Well, he was a fan of mine. I had already done a short-lived series. And then I did another pilot. I had worked for the network, CBS, several times but nothing really flew. And he said to me, you know, the "We have a lot of pilot scripts that we've green-lighted. I'm sure there's gonna to be something for you." I said, "You know, nothing's gonna fit me hand in glove because I'm too offbeat. You have to listen to the ideas that me and Peter have." He was a captive audience. Where was he gonna go — coach? So nine and a half hours later as we pulled into Charles de Gaulle Airport in Paris, he said, "OK, when we get back to LA, call me up and I'll set you up a meeting with our development person." I didn't really have the “Nanny” idea in my head at the time. But I ended up going to my girlfriend's house in the South of France, which was where I was connecting to, and she forgot to mention that she was gonna be there with her two screaming toddlers. I thought I would I would lose my mind. And Peter said Twiggy, the one and only, had called and invited me to visit her and her family in London. So I said to my girlfriend in France, "I have to get outta here. I love you, but this is no vacation."
I went to visit Twiggy and her family in London. Well, she and her husband were busy working. I started taking their little 12-year-old schoolgirl all over London with me. And she was just a proper little British schoolgirl. She's walking around and she said, "Oh, Fran, my new shoes are hurting me." I'm thinking, "What is this, she wants me to take her home?" I said, "Honey, step on the backs of 'em." And she said, "Won't that break them?" And I said, "Break them in." And I thought to myself, oh, this is such a funny relationship because I'm not telling her what's good for her. I'm telling her what's good for me.

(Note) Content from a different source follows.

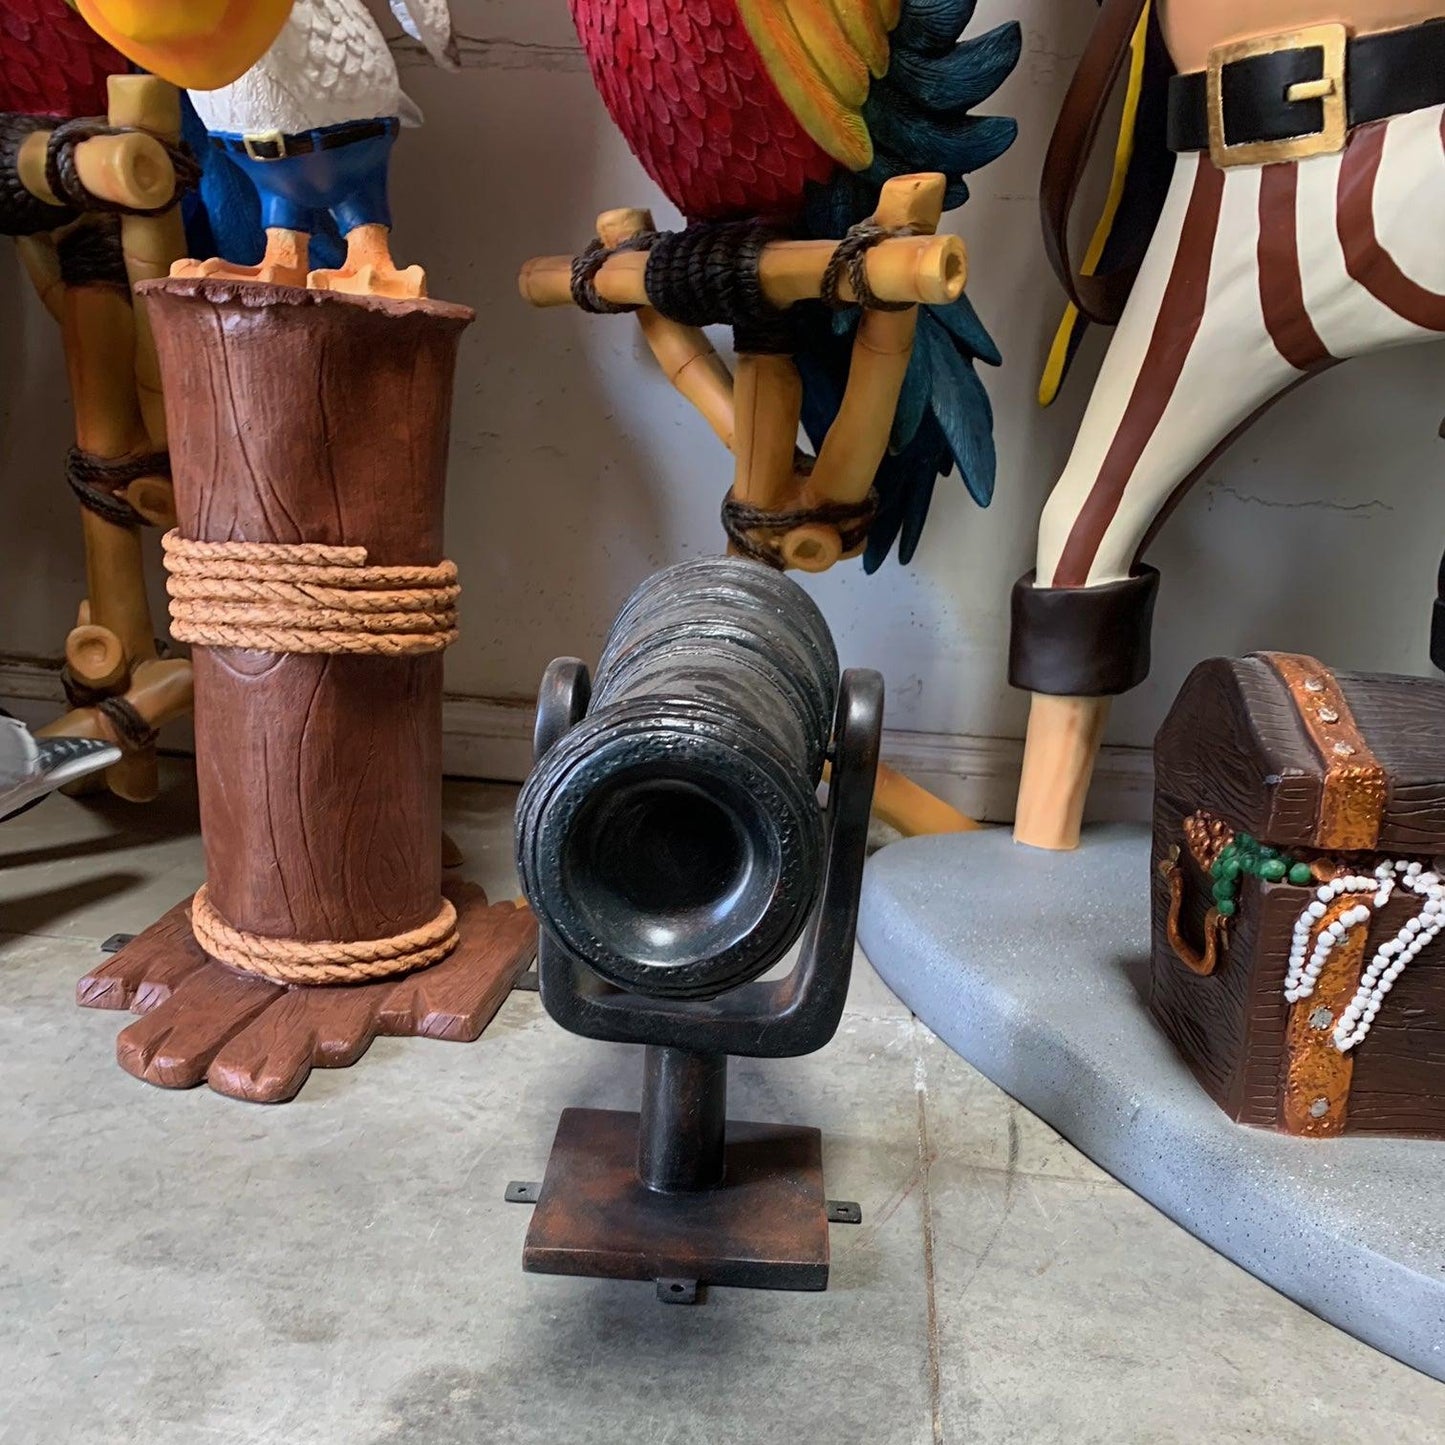 Small Pirate Cannon Life Size Statue - LM Treasures Prop Rentals

When I went to bed, 5:00 in the morning, it was still early in L.A. because it was eight hours earlier. I called Peter. I said, you know, "I think I have the idea that we should pitch to Jeff." I said, "What do you think about a spin on 'The Sound of Music,' only instead of Julie Andrews, I come to the door?" He thought for just a moment. And he has an excellent sense of these things. He said, "That's it. That's the show we're gonna develop and pitch." That was the beginning of “The Nanny.”
Your career is more than one role. You're on Broadway right now playing the wicked stepmother in “Cinderella.” Why that role?
You know, this is the first character that I've ever played that really is kind of a mean character. I'm usually like the hooker with the heart of gold. I was really worried at first. Even during rehearsal, I was thinking, I can't say these things. It's so awful. And everybody's gonna hate me. But slowly but surely, through the rehearsal process, I reinvented the character.
I made her very glamorous and self-absorbed and very fun to watch, and really someone that you love to hate. And then, you know, she kind of comes around in the end and softens a bit. She's not the same through the whole show. She grows. I was just so thrilled to be offered, you know, a role in a Rodgers and Hammerstein musical, because I'm not really a singer. And this role happens to be the biggest speaking part and the smallest singing part. And to be on Broadway in such a classic tale in a Rodgers and Hammerstein musical, it's just phenomenal. I'm having such a large experience. It's one of the great highlights in my career.
This interview has been edited and condensed.